I personally do not believe that binary data in XLIFF is a good idea, but I do respect the decision of the majority. My concern is that this reverse the expectations that I feel is core to the XLIFF spirit. In my opinion the core idea is that XLIFF should enable tools from multiple creators to facilitate translation of content regardless of what tool was used to create the XLIFF file or what format the actual source document has. This is, at its most basic level, achieved by an initial tool that understand the source format transforming it or extracting translatable content into an XLIFF file. The file can then be further processed (usually translated) by other tools independent of the initial tool and source format. At the end of the processing chain the file is returned to the initial tool (or closely related tool) which create a localized version of the source file. By storing the source file in binary format within the XLIFF document the model is turned around. Now you have an initial tool that has no knowledge of the source format and depend on source format knowledge in the processing chain to get any meaningful work done. This use case would be better served by a translation package format leaving XLIFF to the actual translation of text.

 

Regarding the concrete proposal I have a few ideas on how to improve it. Binary data will in most cases not be suitable for direct processing by translators, instead it will need a separate extraction step before translation. So I think it would be good to simplify the task of leaving the binary portions out of the file for parts of the processing.

 

If the <bin-unit> is changed to a <bin-file> and made a sibling of <file> it would be a long step in that direction. Different <file>s in an XLIFF document are largely independent and merging and splitting documents at this level is common. Having the binary data as units possibly mixed into the sequence of text units would probably make it ambiguous if they can safely be removed and the content still be valid. In addition an empty <bin-unit> or other placeholder would have to be left so that the content can easily be re-inserted in the right place.

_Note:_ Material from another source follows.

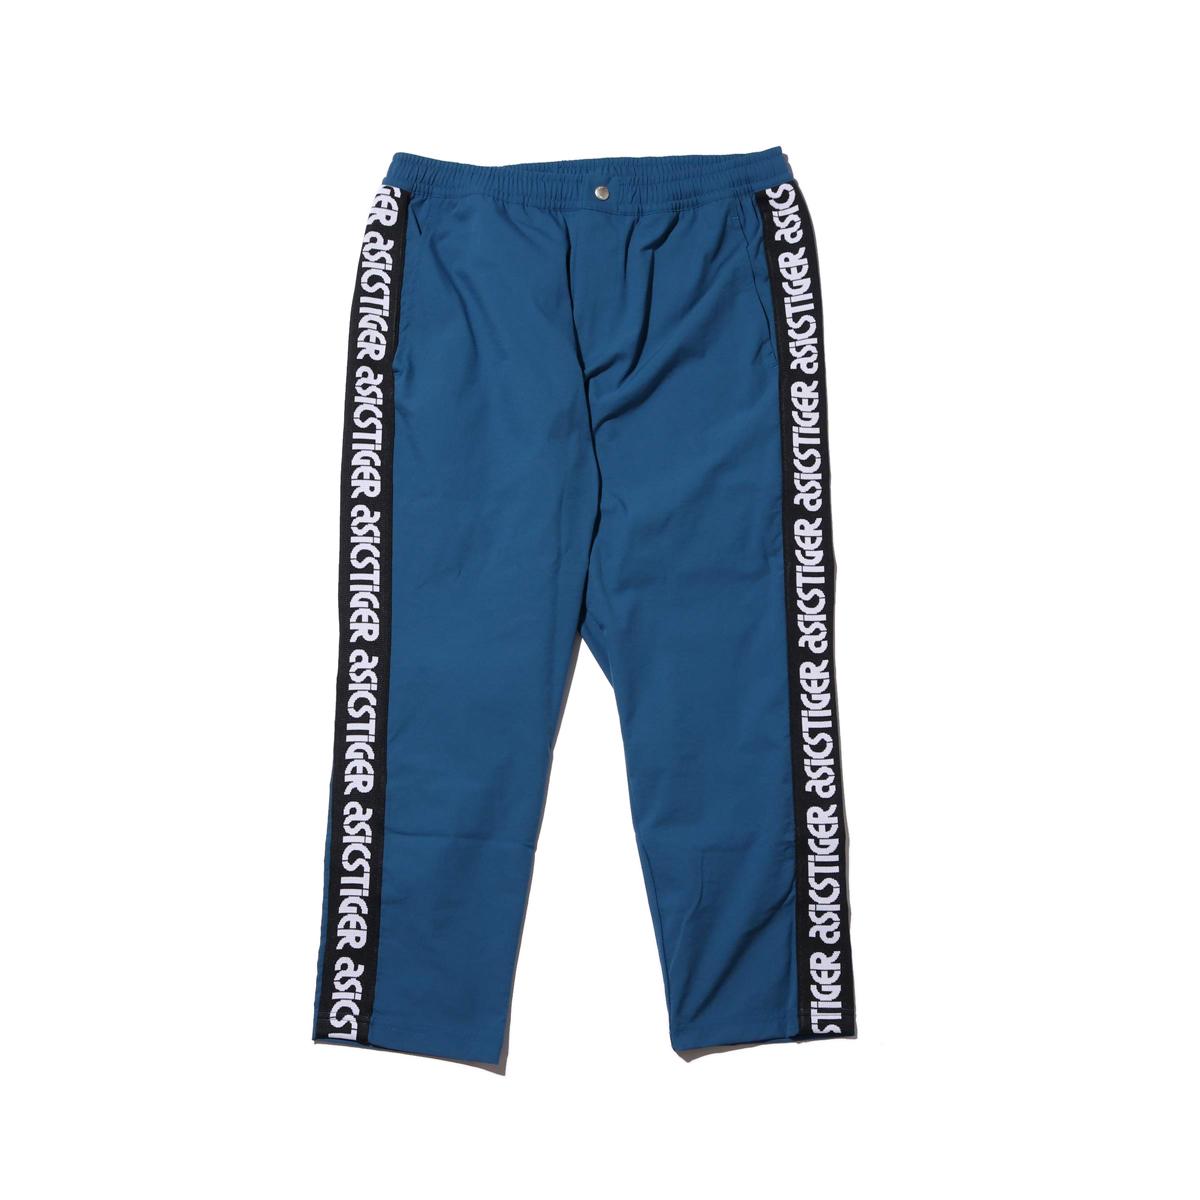 ASICSTIGER LT ST Woven CP Pants(アシックスタイガー LT LS ウーブン CP パンツ)LIGHT INDIGO【メンズ レディース パンツ】18FW-I
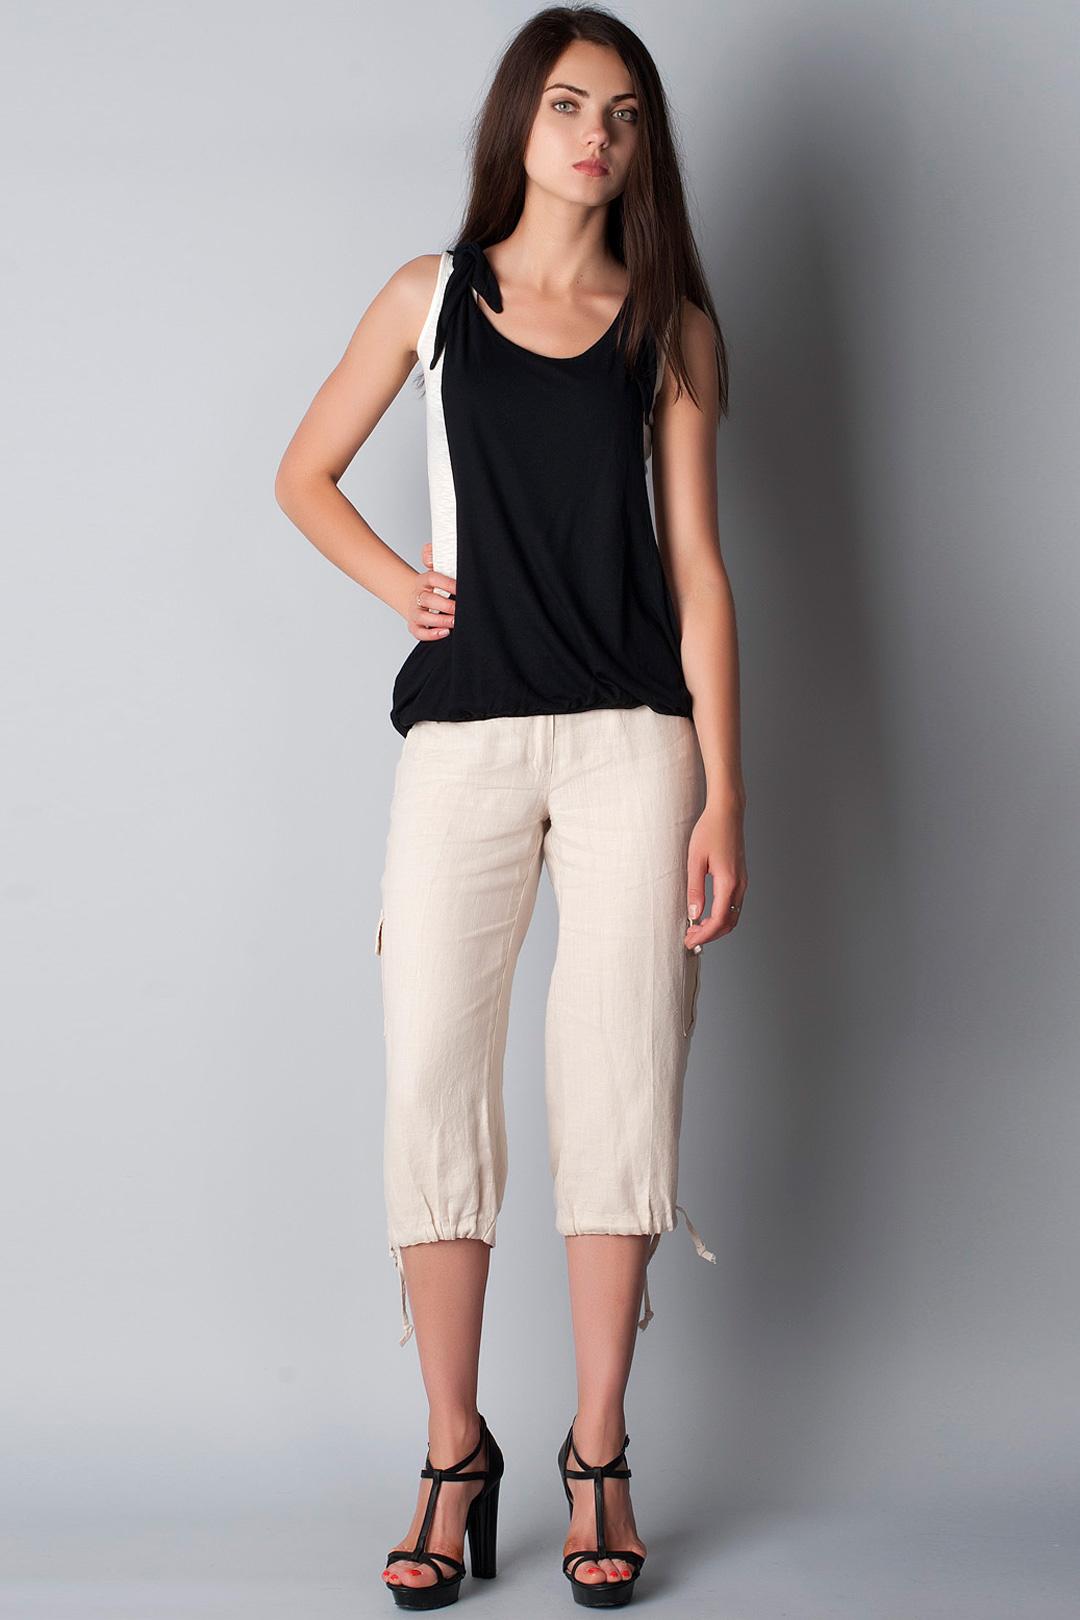 брюки весна лето 2019 года модные: капри светлые с завязками внизу

It would also keep the binary data out of the path of other modules such as validation and string length restrictions.

 

Storing units smaller than files as binary data would make interoperability even harder so I do not think adding <bin-file> in addition to <bin-unit> would be a good idea. I’d prefer just <bin-file>. If the textual / markup portion of the data refer to external binary data some form of reference mechanism might be useful. But I do not see this as a requirement. If it is added I think the option of having the reference point form the <bin-file> to the <unit> it is associate with instead of the other way around would be good. This means that tools that do not make use of binaries would never encounter the reference directly.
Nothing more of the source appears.